Your instructions
Among the entries below, copy only the span from the line containing "spring awekening pinterest" through the line containing "Empowering Student Success: The". Do so exactly, and skip the pictures.

Dataset content
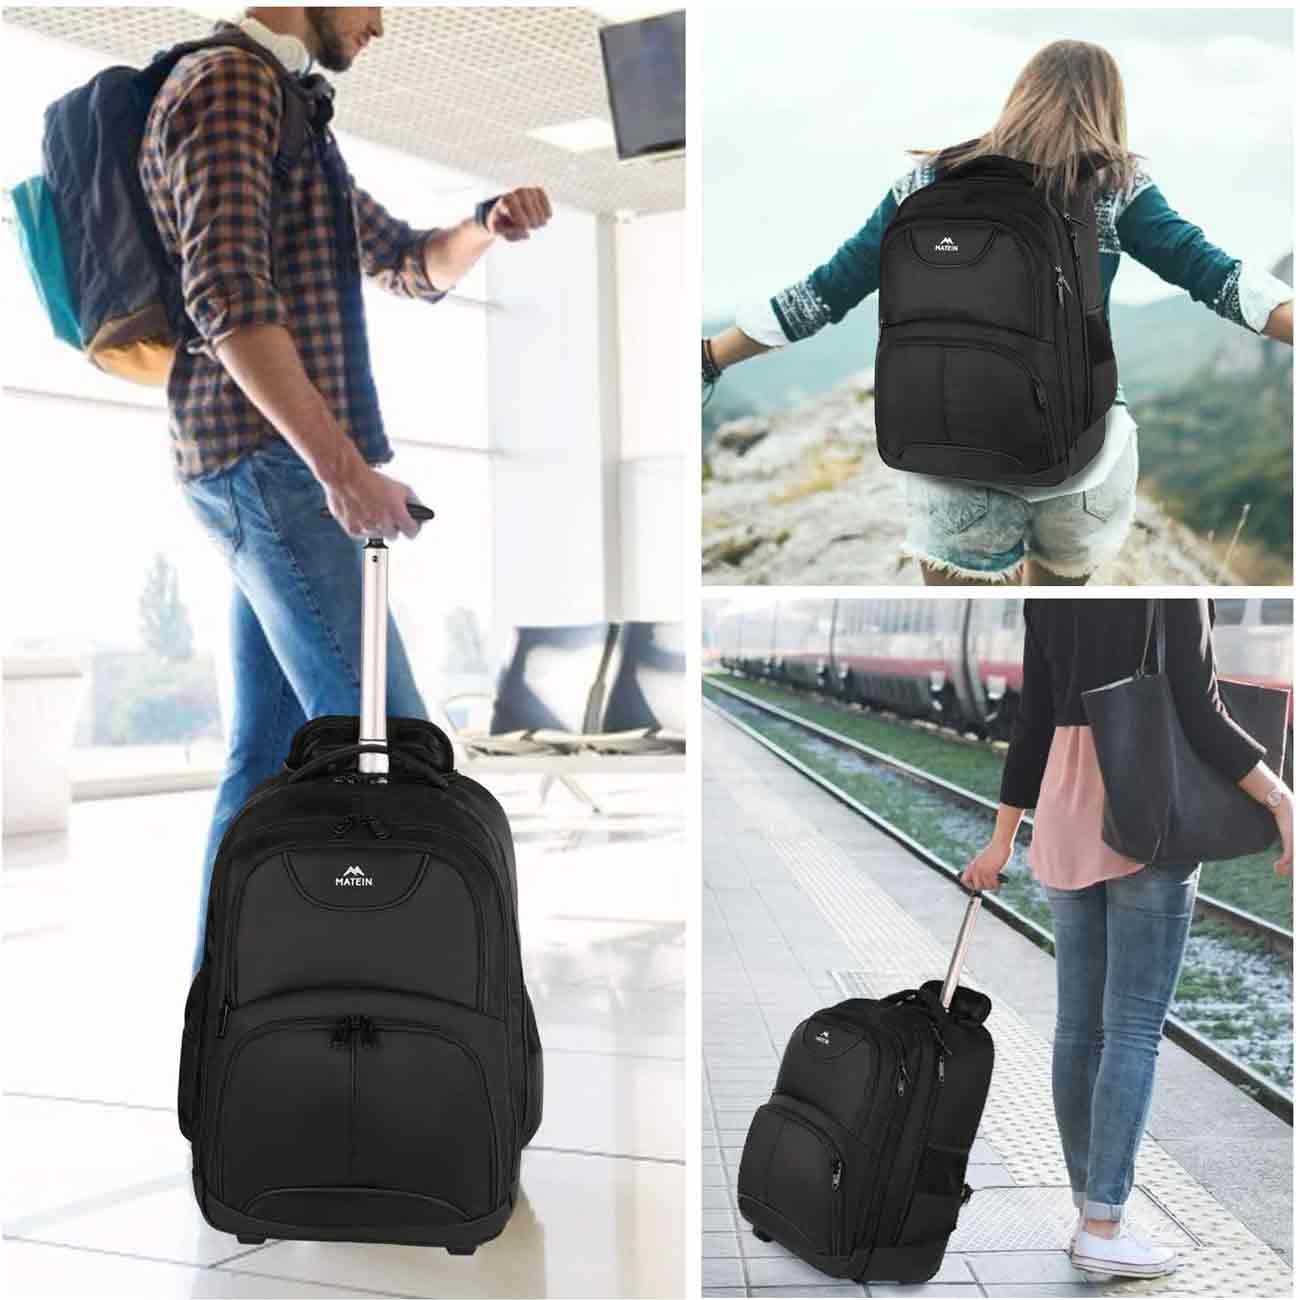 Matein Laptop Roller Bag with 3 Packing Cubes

==

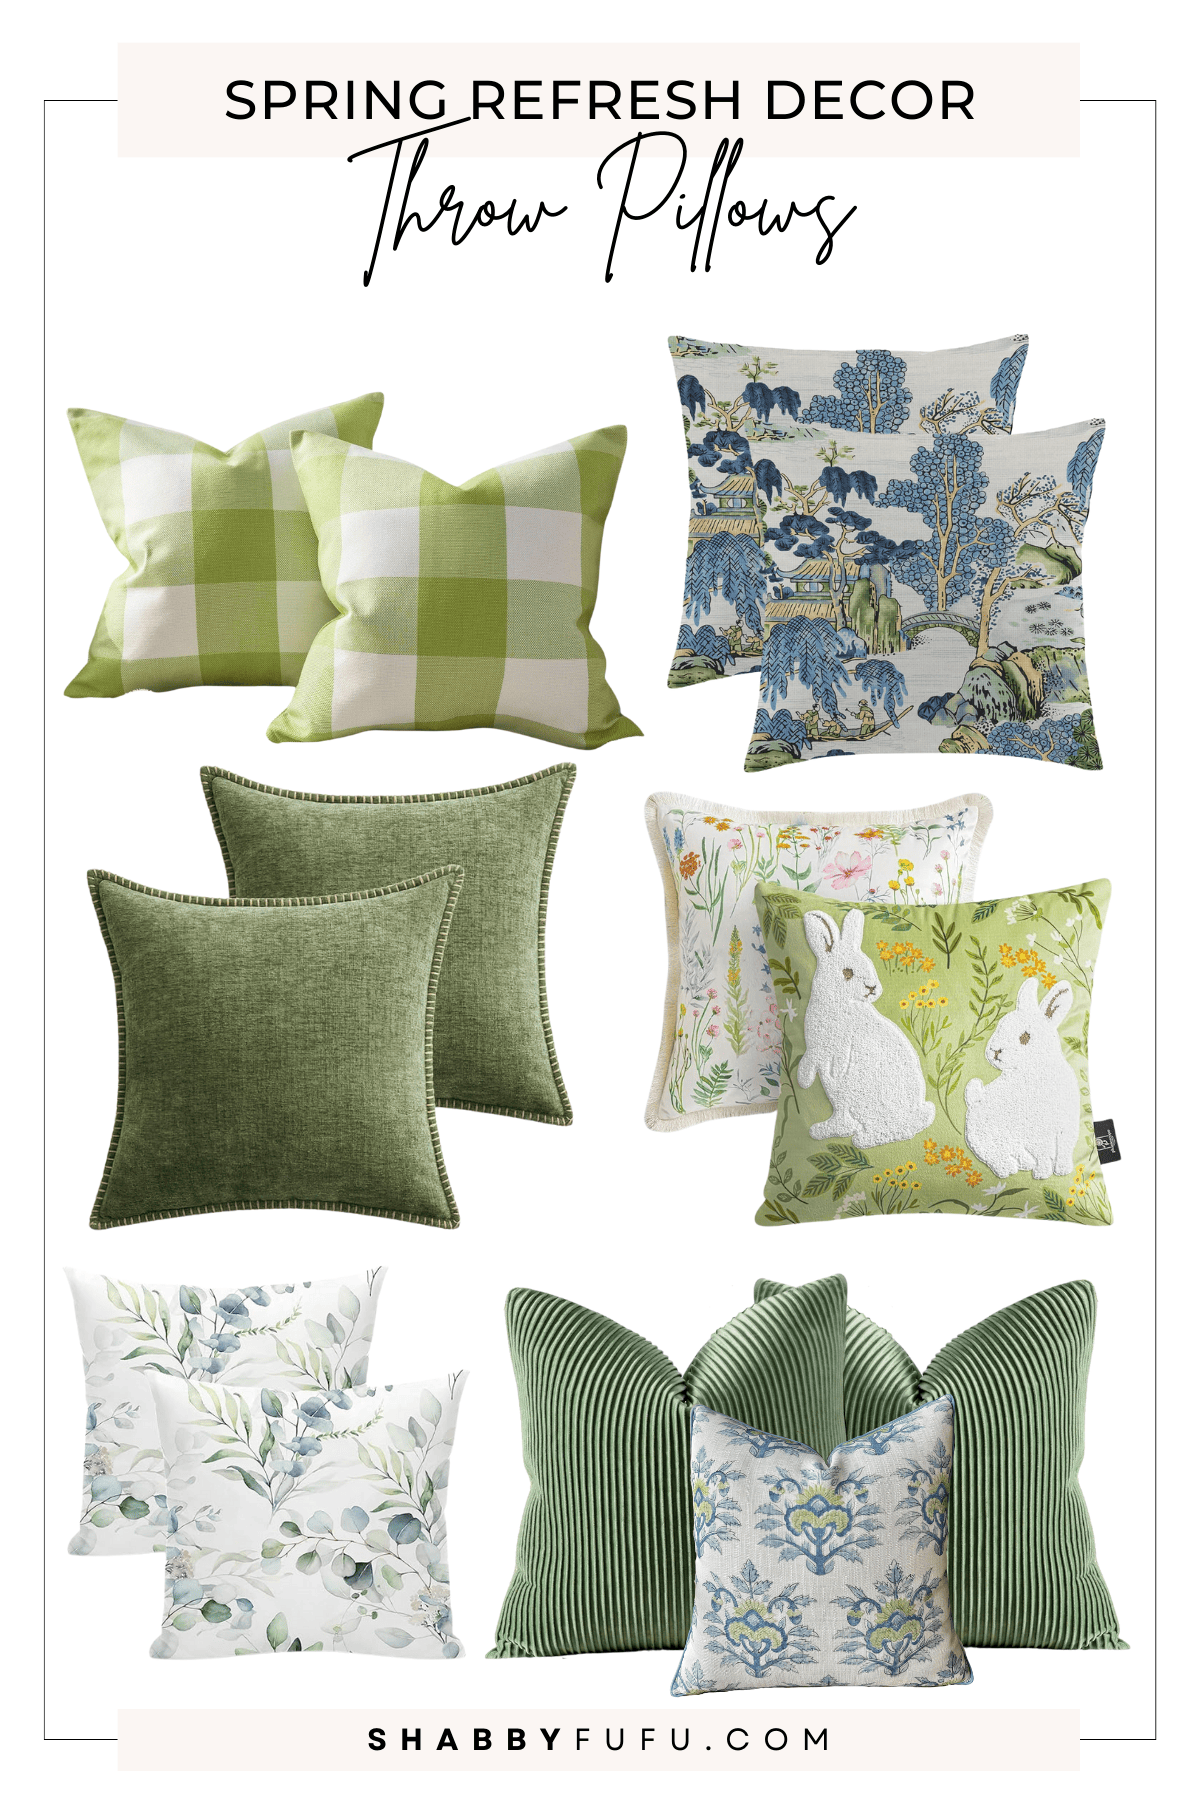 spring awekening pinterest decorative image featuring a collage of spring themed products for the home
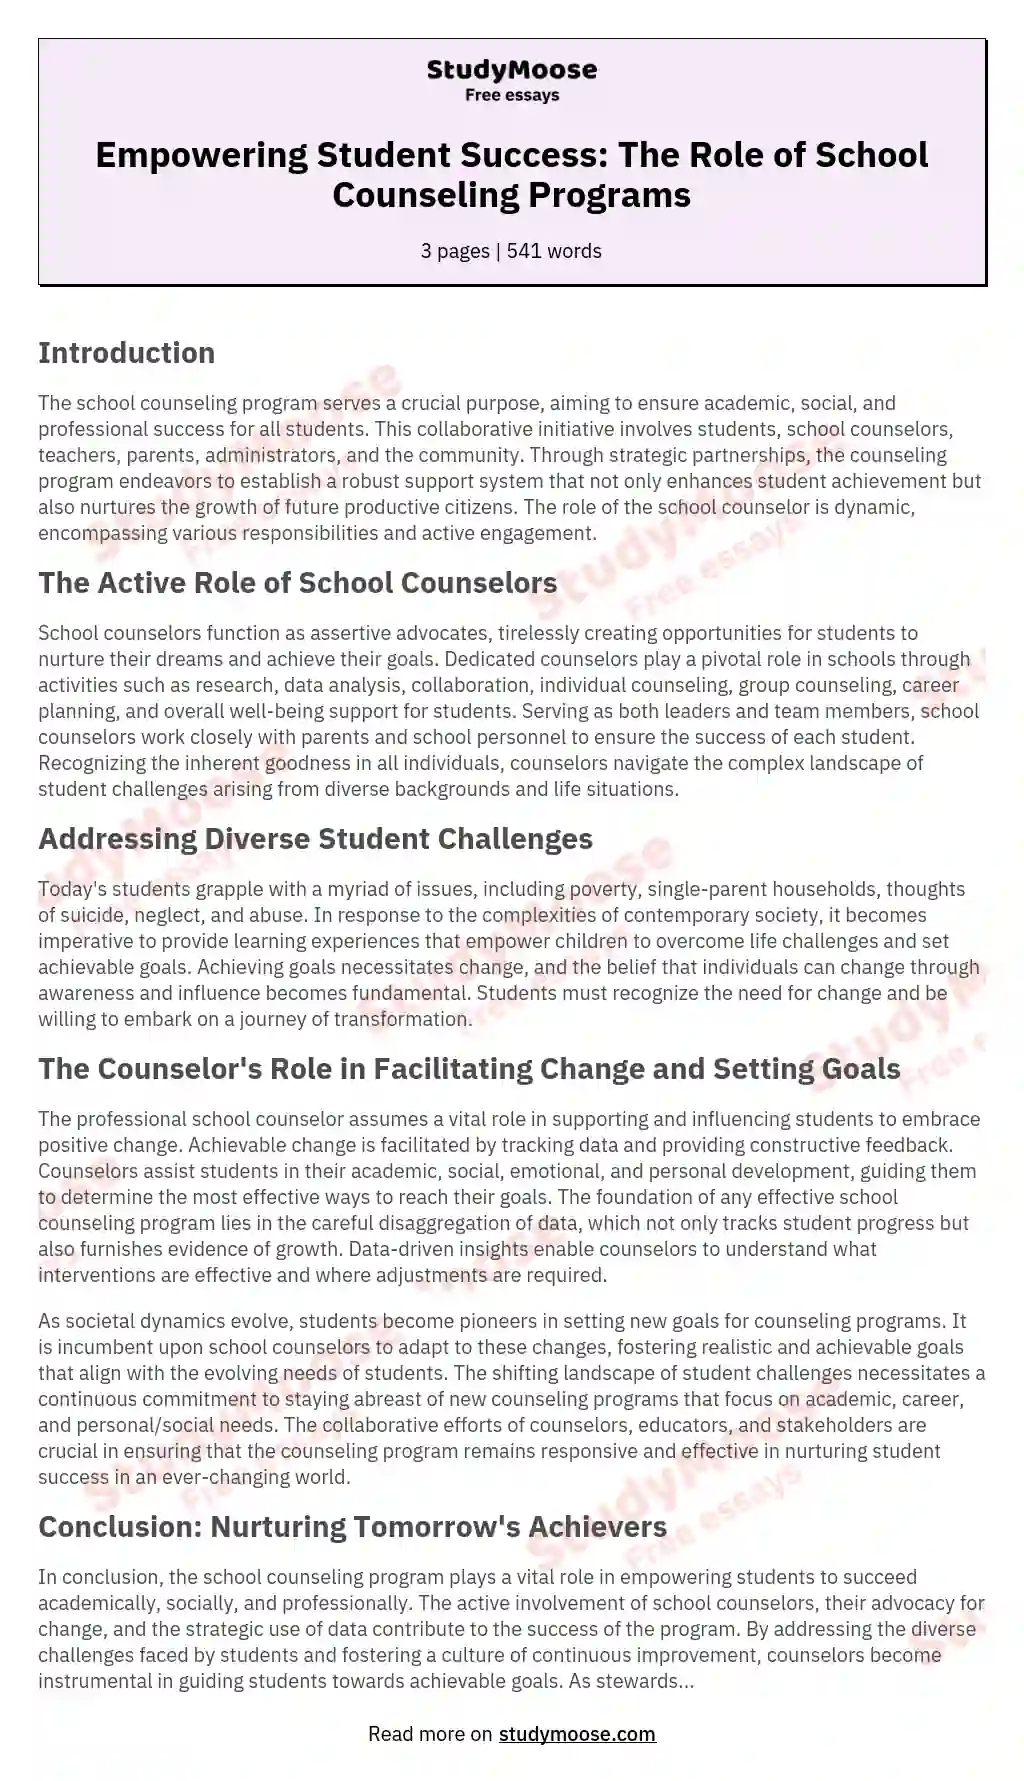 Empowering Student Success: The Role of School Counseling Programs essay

Exercise response
 spring awekening pinterest decorative image featuring a collage of spring themed products for the home
 Empowering Student Success: The Role of School Counseling Programs essay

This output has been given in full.